- Former logo
- Developer(s): Eleon Game Studios
- Publisher(s): Eleon Game Studios
- Engine: Unity
- Platform(s): Microsoft Windows
- Release: 5 August 2020
- Genre(s): adventure, sandbox, survival, space flight simulation
- Mode(s): Single-player, multiplayer

= Empyrion - Galactic Survival =

Open world game

Empyrion - Galactic Survival is an open-world sandbox adventure game. It was released via early access on 5 August 2015 by Eleon Game Studios.

== Gameplay ==
New players crash land on an alien planet, where they must survive a hostile environment full of strange creatures, environmental hazards like acid rain or irradiated fog. They start out with a weapon/gathering tool, flashlight, and a bit of food depending on difficulty. Players need to forage to find rarer materials and food to stay alive. Using a portable constructor they can create with their advanced armor suit, they can build a variety of objects and components for advanced crafting, including bases, hoverbikes, ground hovercraft vehicles, and spaceships. As of the 1.10 update, players can build hoverbikes, hover vessels, small vessels, and larger capital vessels.
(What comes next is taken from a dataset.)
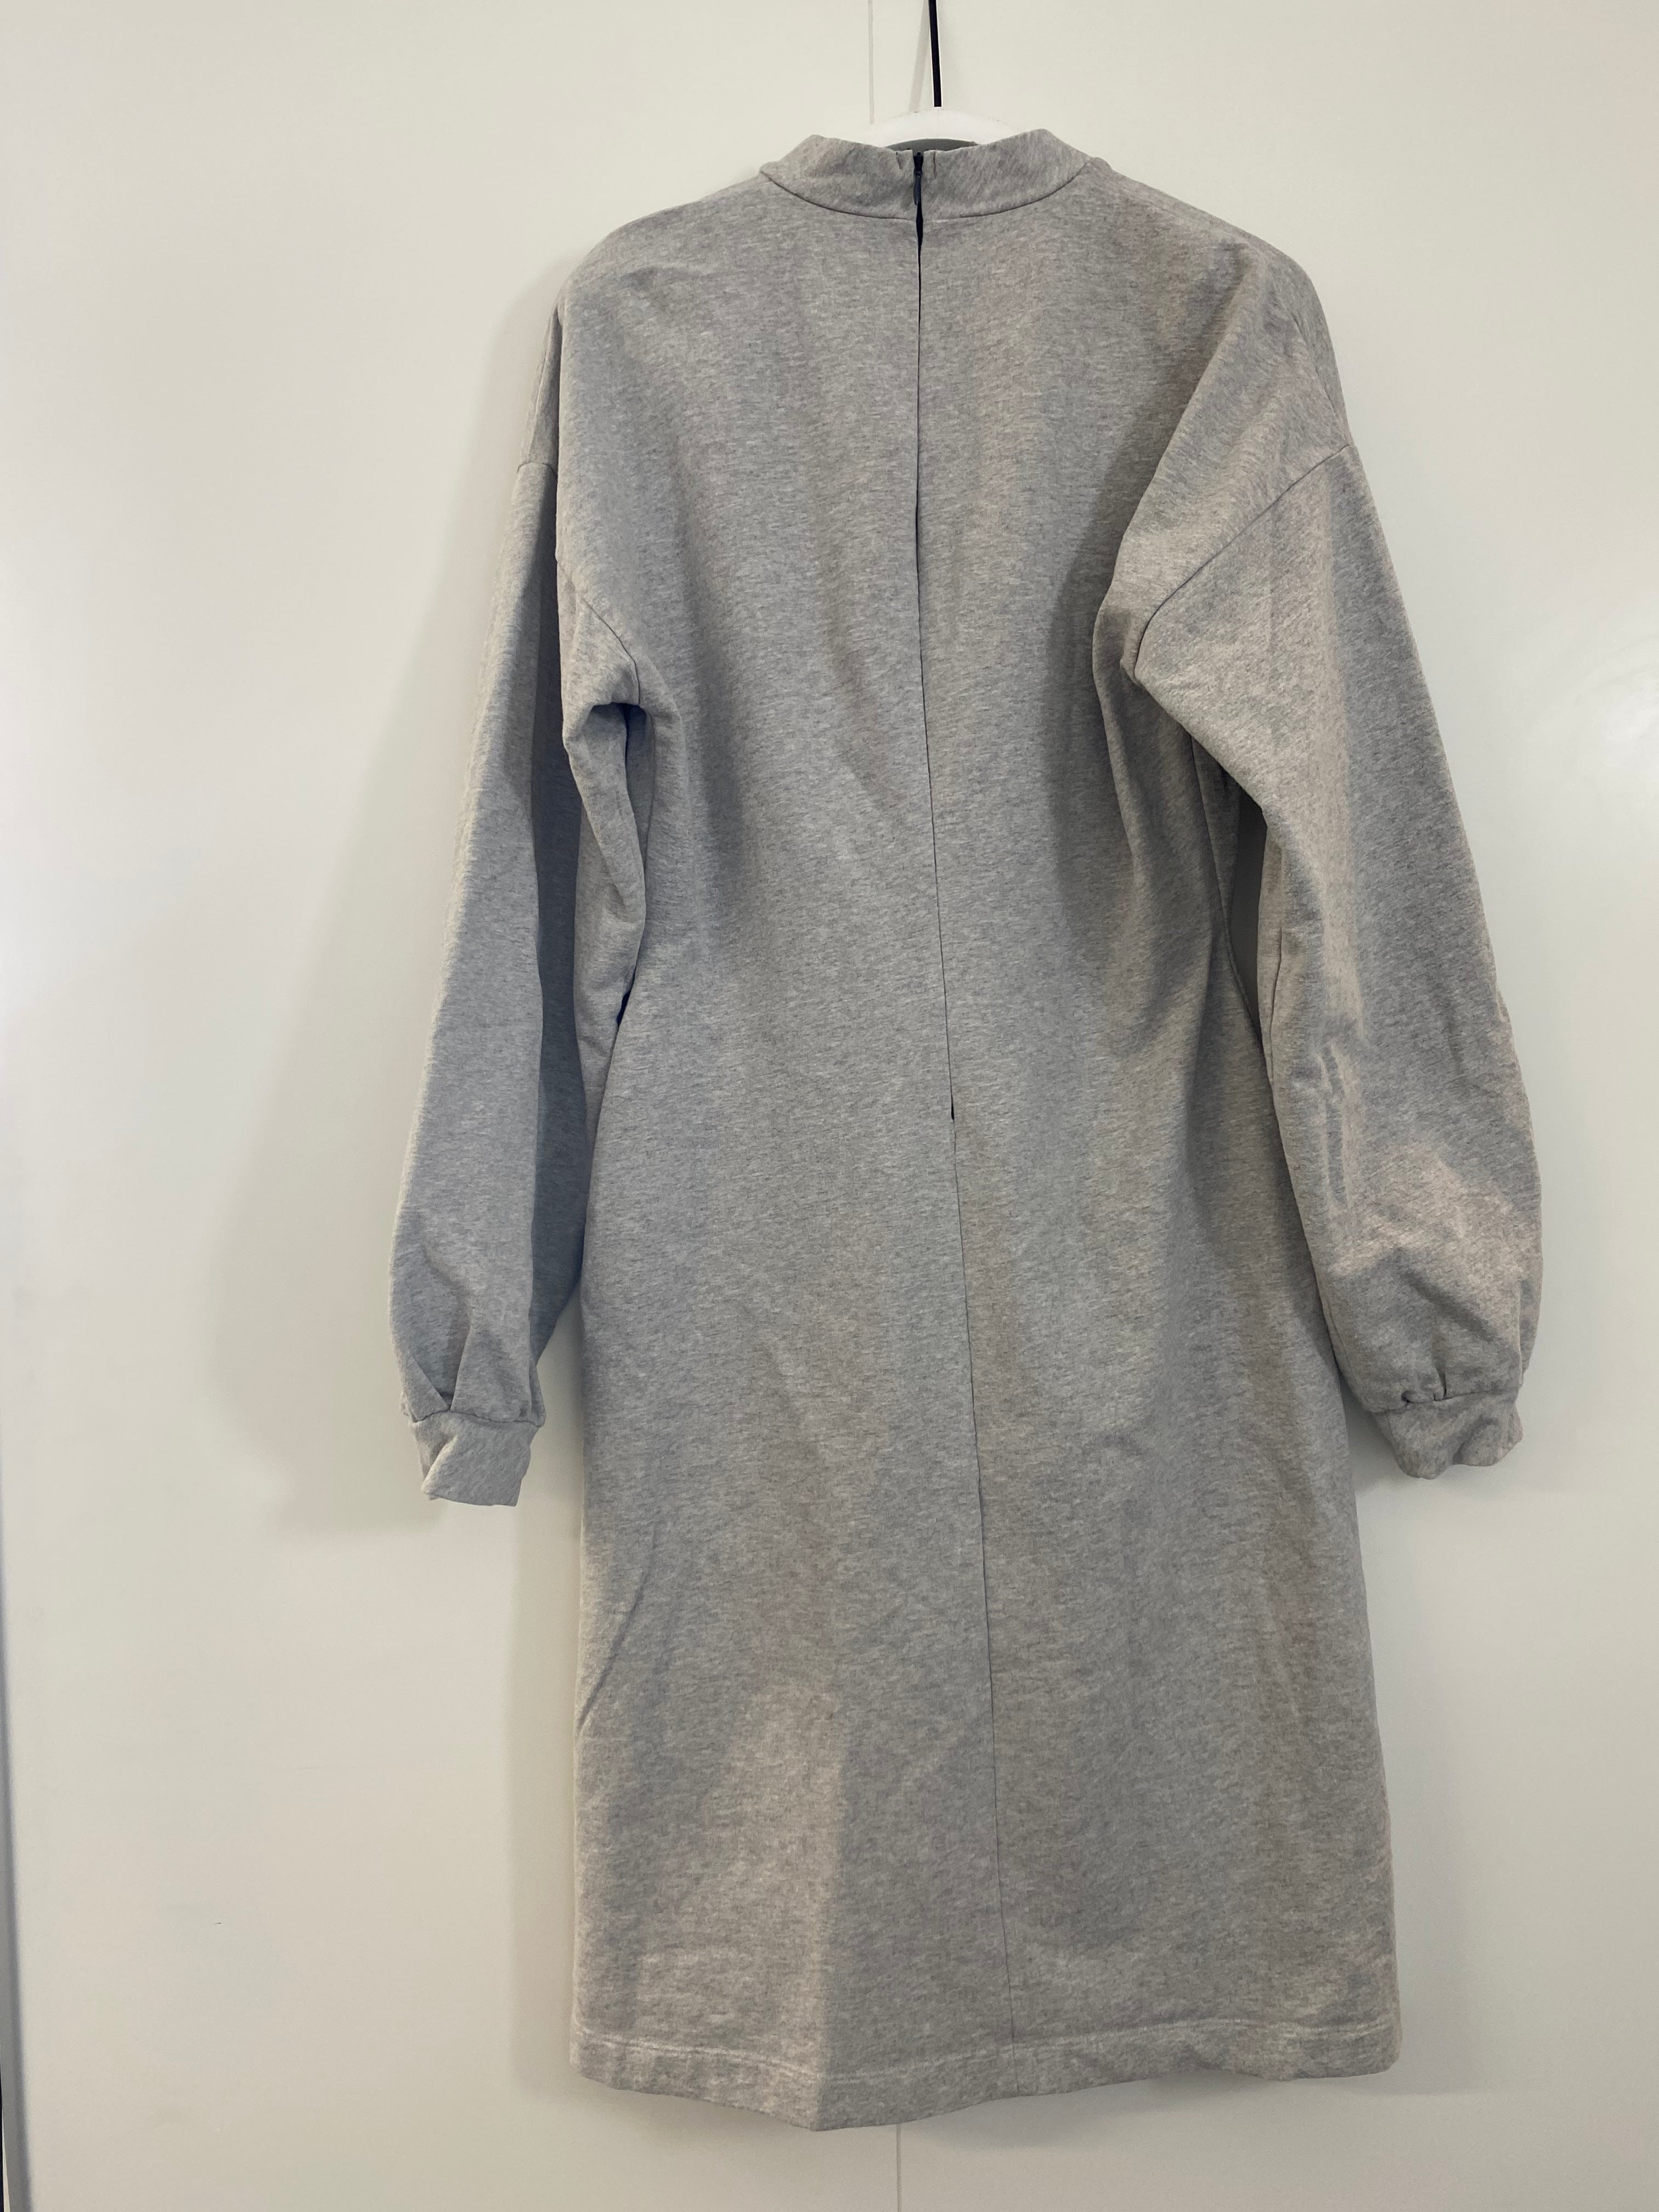 Mavis Dress in Grey Marl Size S

In multiplayer, the planets are persistent worlds, and players can interact with each other, including trading and player versus player combat.

== Development ==
Empyrion was designed to focus on making exploration interesting. In an interview, the team referenced a German proverb that translates to "the journey is the reward". Comparing their game to No Man's Sky, Eleon said they wanted to make exploration fun first, then work on expanding the game to support a massive number of planets. A rotating number of player-created schematics for bases and ships are featured in-game, and surveys determine what features Eleon prioritizes. The game left early access alpha in 2020.